Effect of angiotensin converting enzyme (ACE) gene polymorphisms on ACE activity before and after ACE inhibition therapy (enalapril) in dogs with mitral valve disease
Degenerative mitral valve disease is the most common heart disease affecting dogs. Affected dogs often develop congestive heart failure after an asymptomatic period. Providing early medical therapy may postpone heart failure, but there is little consensus on the best therapy. We have discovered that some dogs have a genetic variation that results in a less effective response to certain medications. If so, they may need different doses or possibly different medications entirely. We will evaluate a very common medication (enalapril) for this disease in dogs—with and without the genetic variant—that have mitral valve disease and use the information to determine the best cardiac treatment doses for all dogs in the future.
We will need to take a small blood sample from your dog to test for a genetic variation. If the genetic variation is present, we may ask to draw one other blood sample when you return for your reevaluation. The second blood sample will help us determine if the genetic variation effects blood levels of the drug that your dog is on for its heart disease.
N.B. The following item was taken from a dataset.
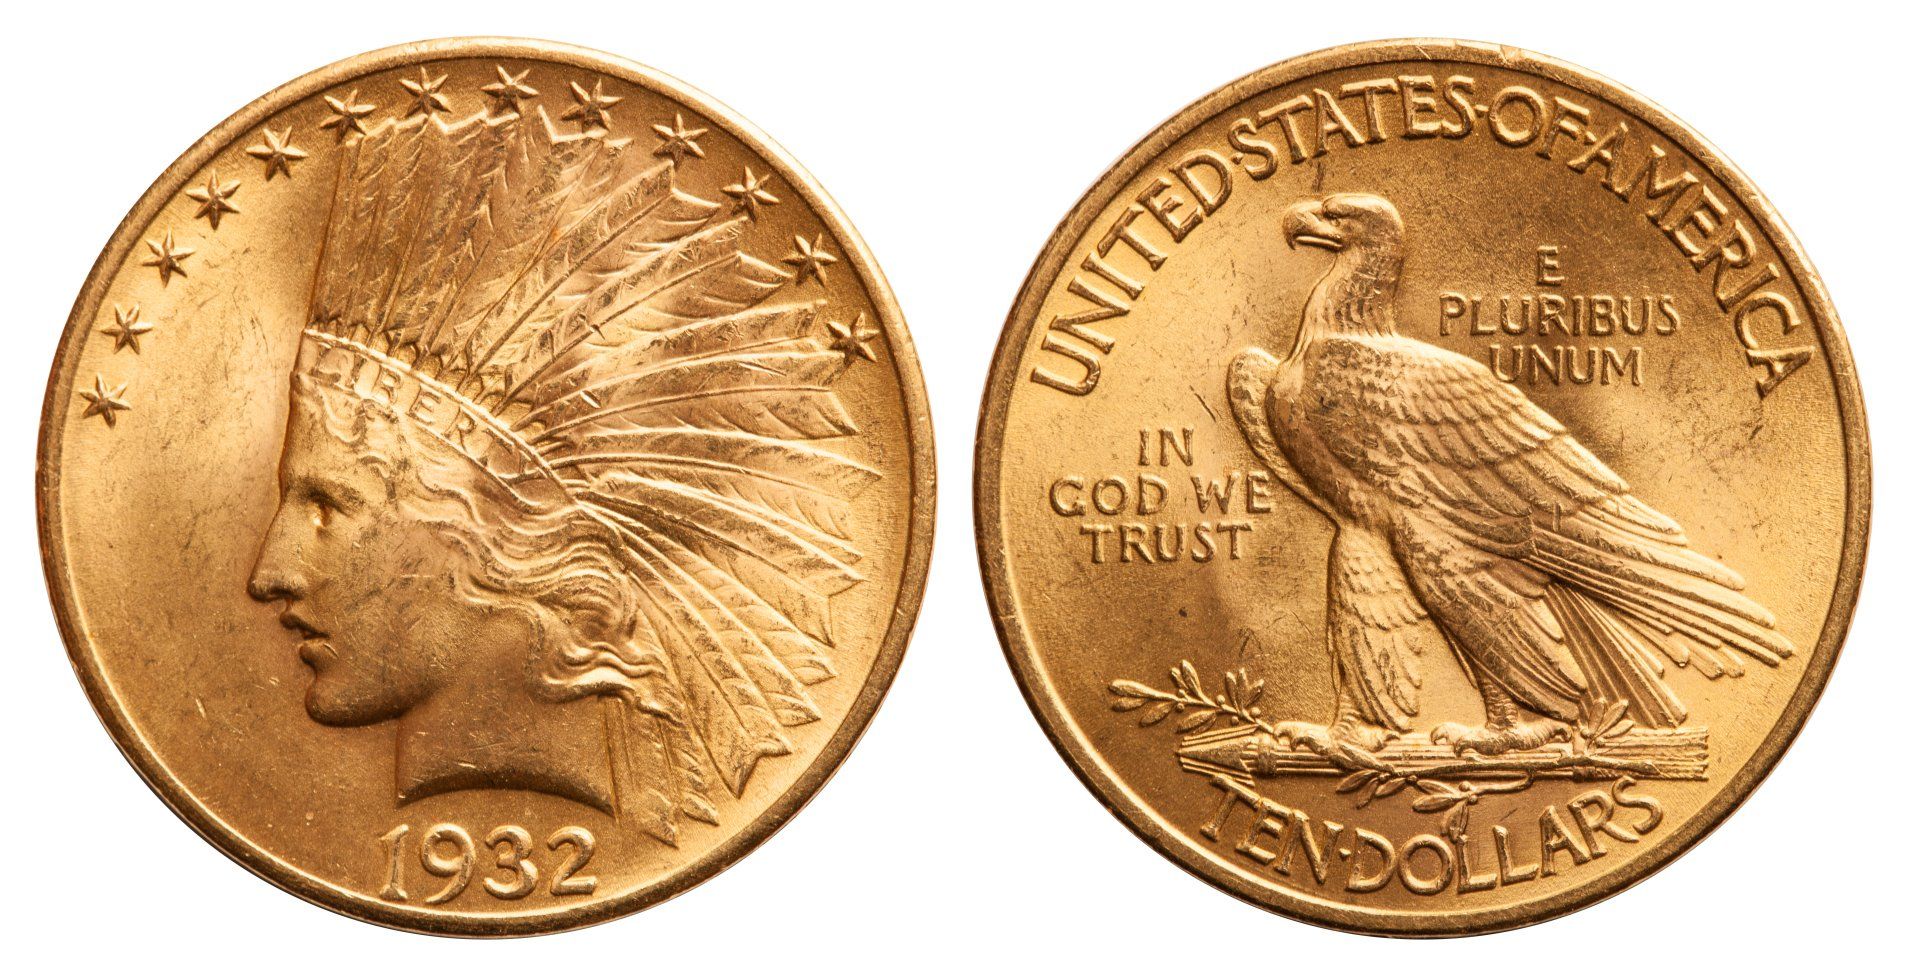 1932 Indian Head Gold Eagle obverse and reverse

- 20 Asymptomatic dogs with myxomatous mitral valve disease and cardiac enlargement (10 with the polymorphisms and 10 without)
- Small blood draw at baseline and 10-14 days after starting therapy with enalapril
There is no cost for participation in this study but if your dog does have the genetic variation we will be able to pay for a blood pressure measurement and blood test (renal profile) as recommended by the cardiologist at your reevaluation.